*** Opening of Record set ***

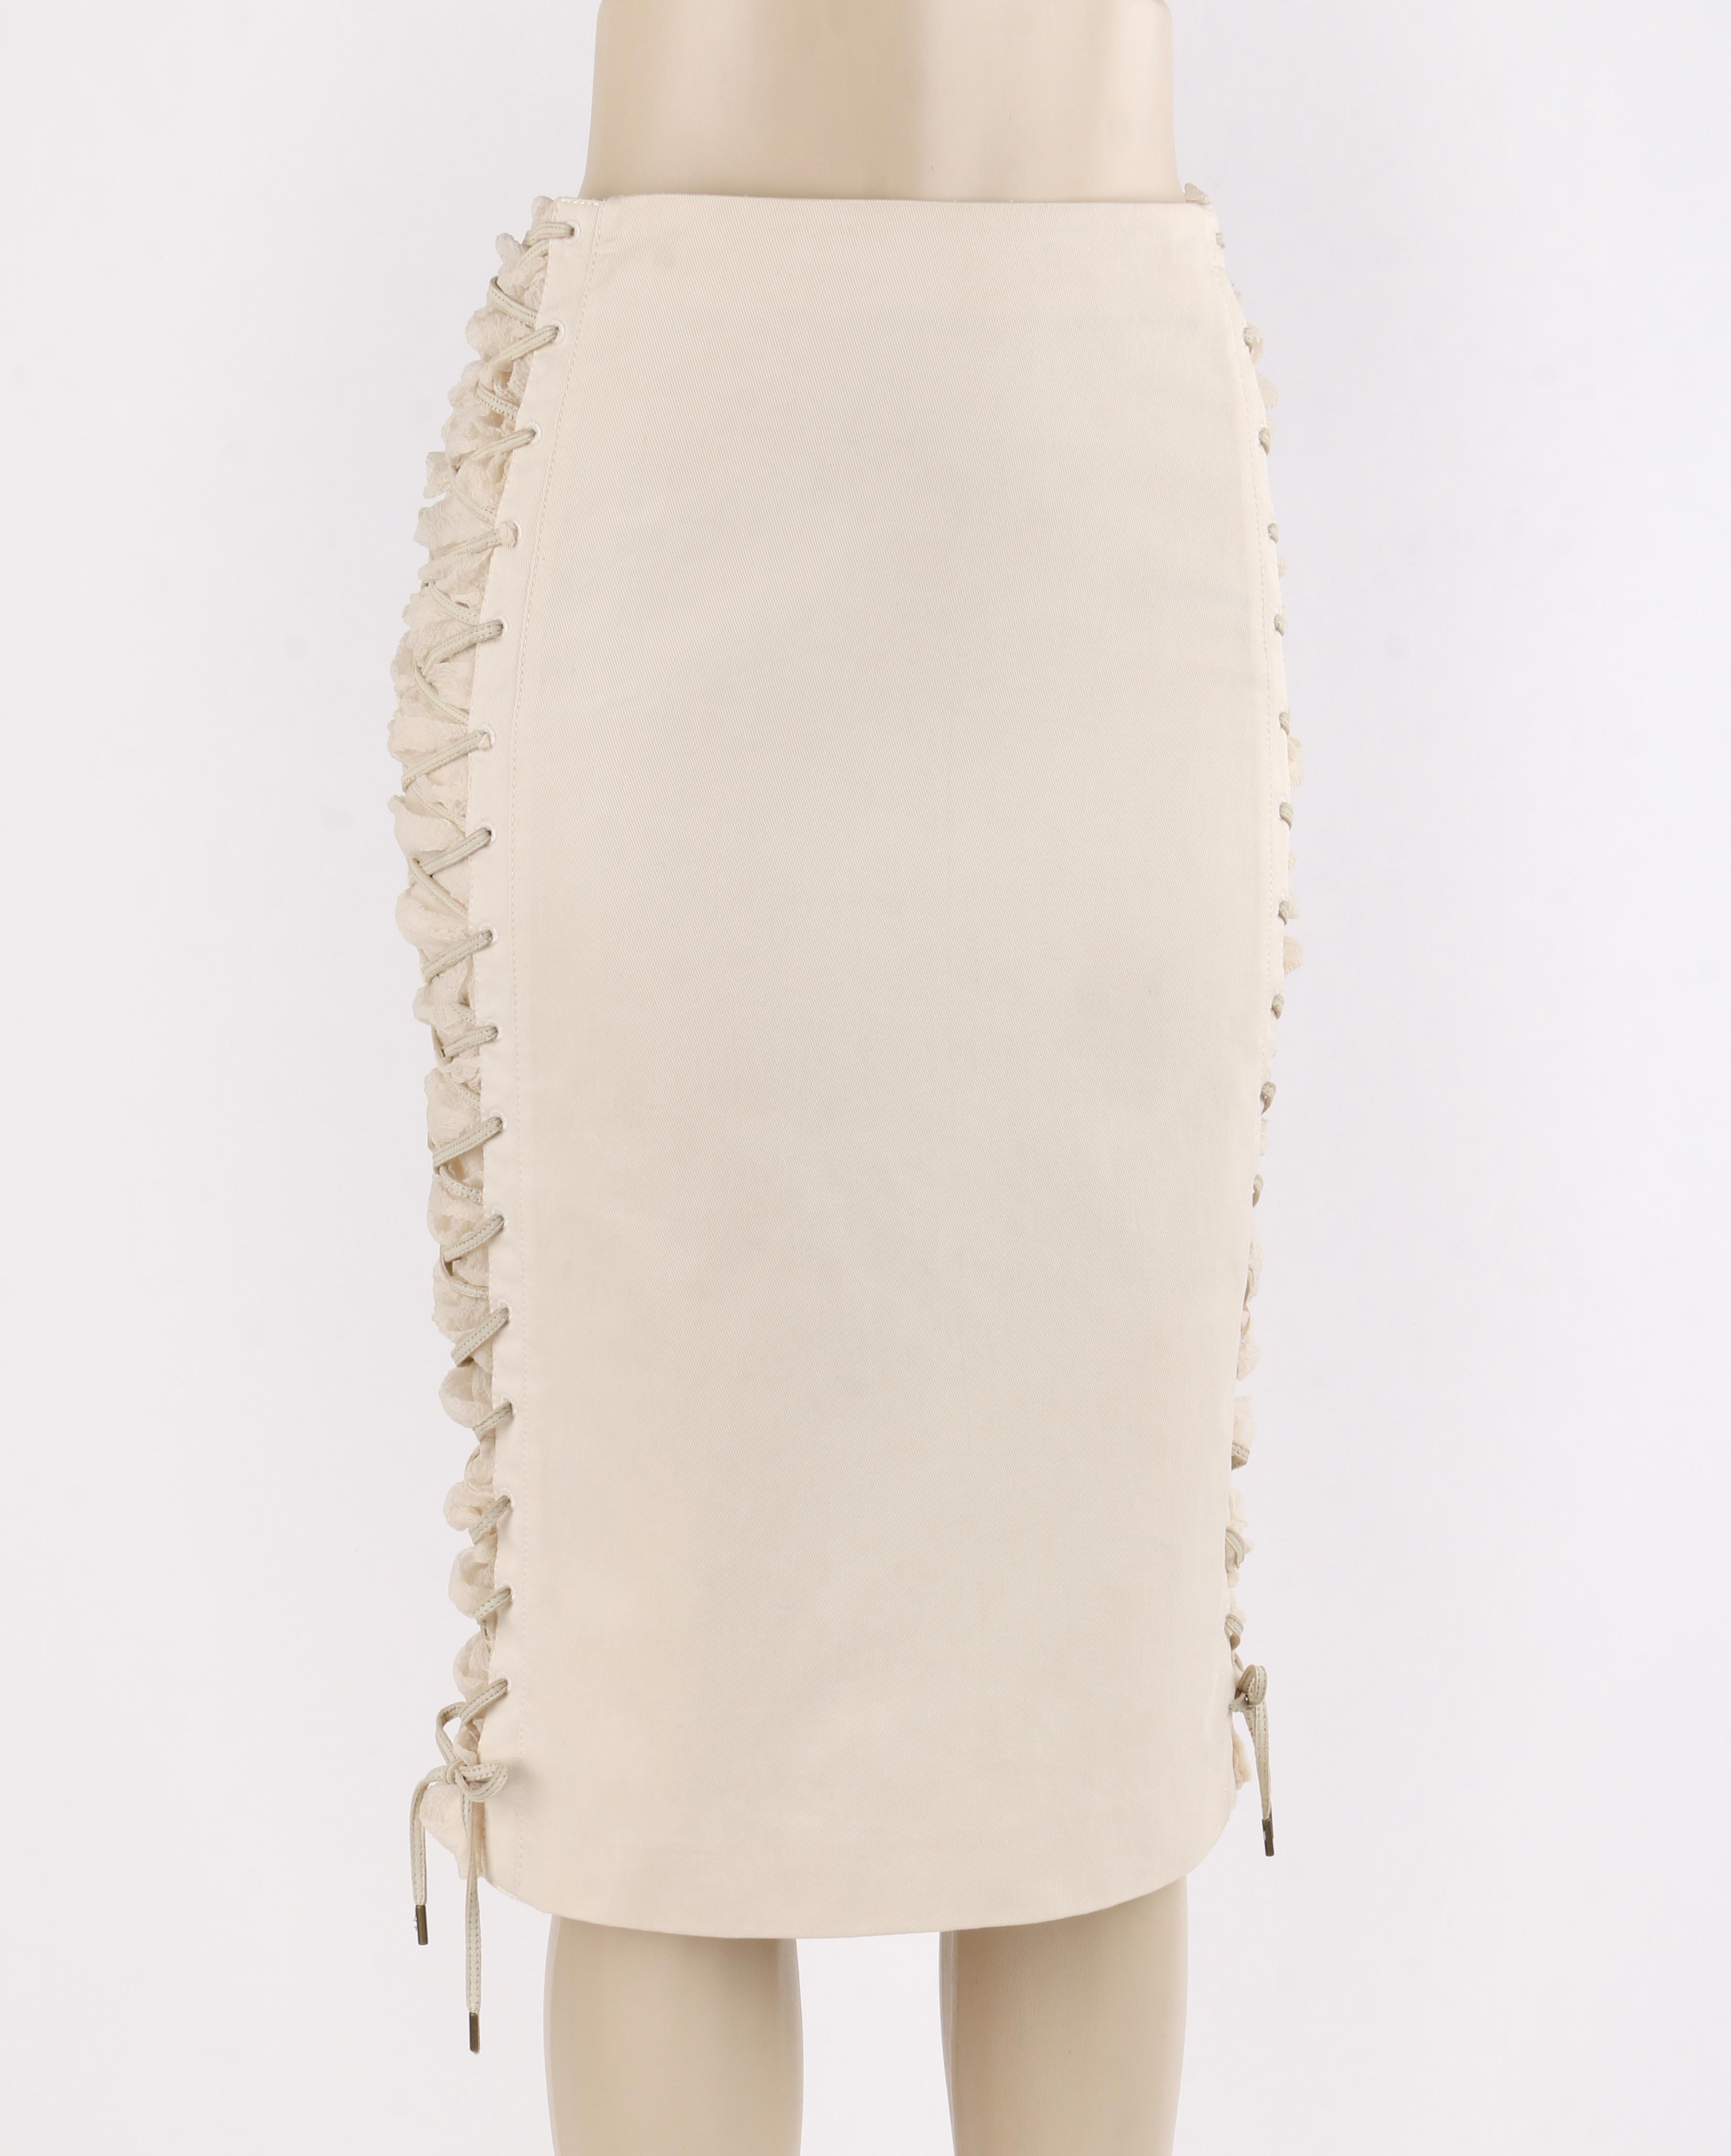 ALEXANDER McQUEEN A/W 2002 “Supercalifragilistic” Silk Lace Up Pencil Skirt
 
Brand / Manufacturer: Alexander McQueen 
Collection: Autumn / Winter 2002; “Supercalifragilistic” 
Style: Pencil skirt
Color(s): Shades of off white, beige and cream.
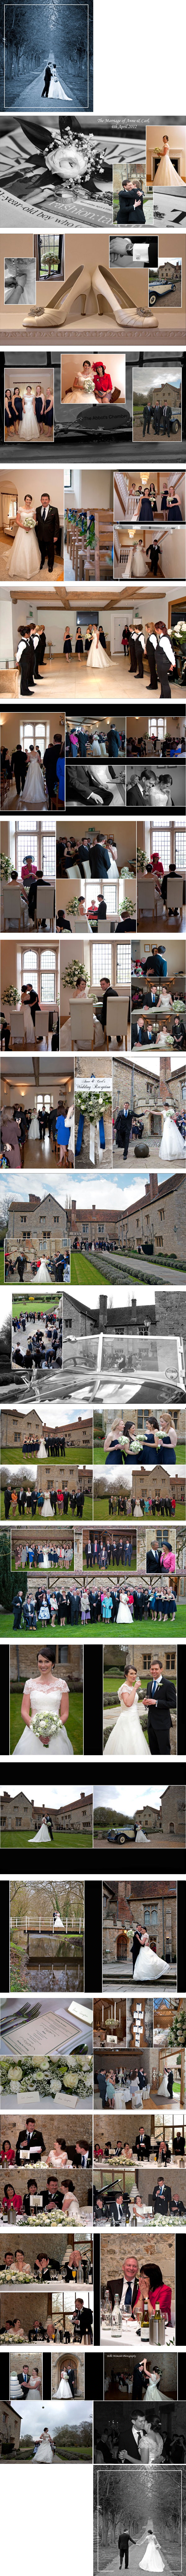 Anne & Carl's Wedding day at Notley Abbey.

*** Close of Record set ***

→ **Goal of the exercise**: What is needed is an exact copy of the data, without any pictures.

→ **Result of the exercise**:
 ALEXANDER McQUEEN A/W 2002 “Supercalifragilistic” Silk Lace Up Pencil Skirt
 
Brand / Manufacturer: Alexander McQueen 
Collection: Autumn / Winter 2002; “Supercalifragilistic” 
Style: Pencil skirt
Color(s): Shades of off white, beige and cream.
 Anne & Carl's Wedding day at Notley Abbey.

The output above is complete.